Aveek Das has a two-parter. First up is a discussion of data lineage:

In this article, I am going to explain what Data Lineage in ETL is and how to implement the same. In this modern world, where companies are dealing with a humongous amount of data every day, there also lies a challenge to efficiently manage and monitor this data. There are systems that generate data every second and are being processed to a final reporting or monitoring tool for analysis. In order to process this data, we use a variety of ETL tools, which in turn makes the data transformation possible in a managed way.

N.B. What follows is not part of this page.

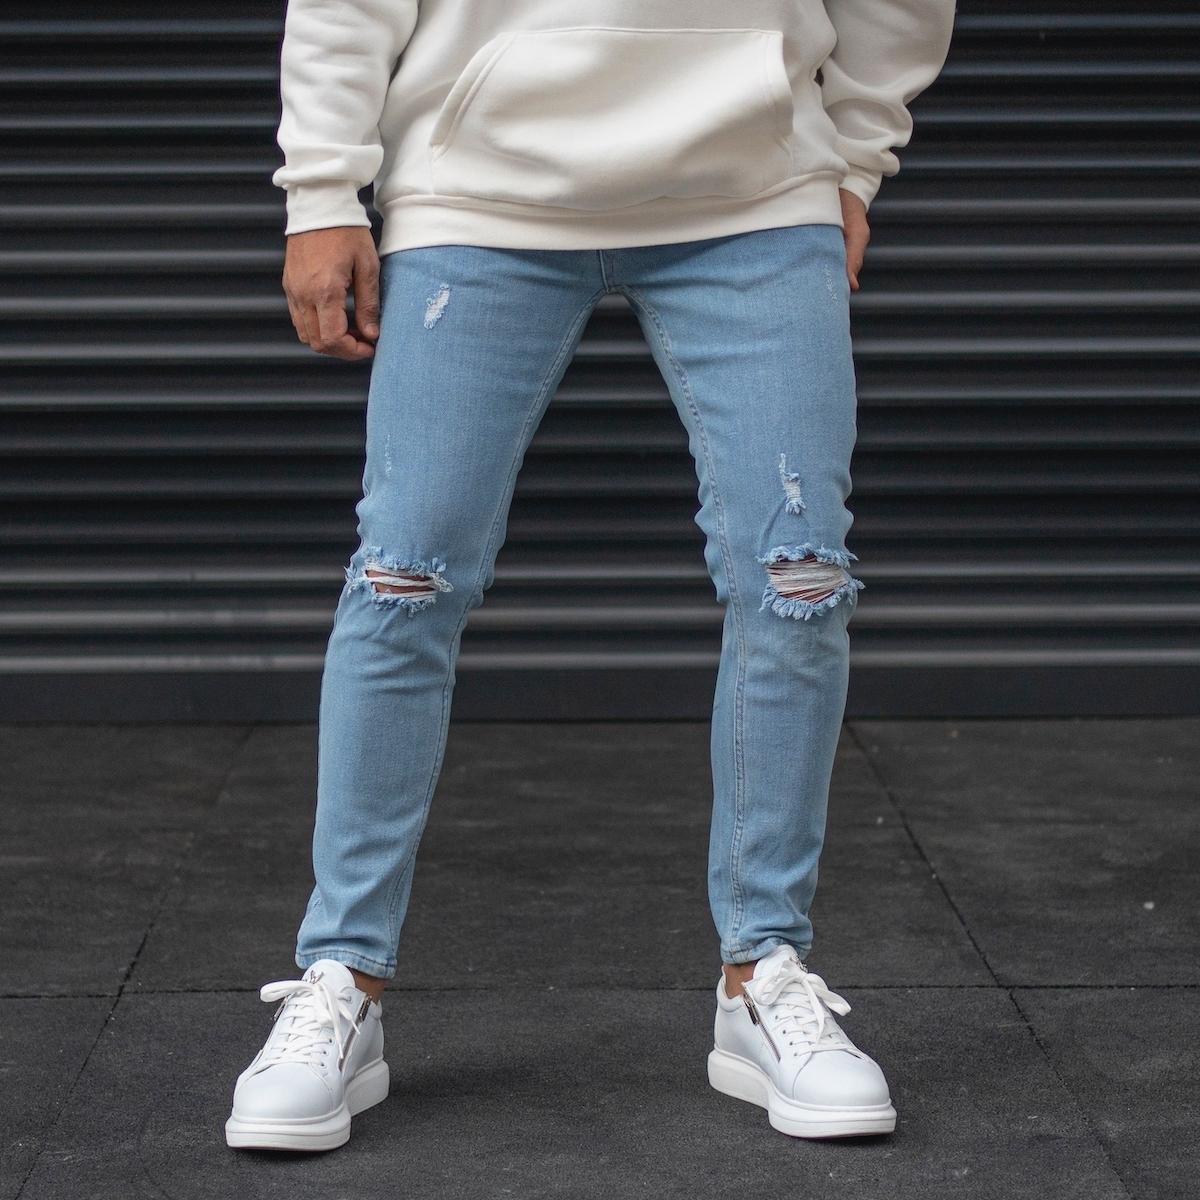 Erkek Dizi Yırtıklı Taşlamalı Kot Pantolon

While transforming the data in the ETL pipeline, it has to go through multiple steps of transformations in order to achieve the final result. For example, when the ETL receives the raw data from the source, there may be operations applied to it like filtering, sorting, merging, or splitting two columns, etc. There can also be aggregations or other calculations made on this raw data before finally moving into a data warehouse or preparing it for reporting. In order to be able to detect what the source of a particular record is, we need to implement something known as Data Lineage. It is a piece of simple metadata information that helps us detect gaps in the data processing pipeline and enables us to fix issues later.

Part two covers data lineage with SQL Server Integration Services:

In this article, I am going to discuss SSIS data lineage concepts, which are often used while designing ETL workloads on a data warehouse. Although this article is focused on implementing data lineage using SSIS, it does not only confine to SSIS but to any ETL tools in the market using which data is moved from one source to a destination. In my previous article, Understanding Data Lineage in ETL, I have already discussed the generic importance of data lineage concepts for any ETL tool. I would definitely suggest you have a look at it if you want to understand in general how data lineage helps to track the source of a single record in the warehouse.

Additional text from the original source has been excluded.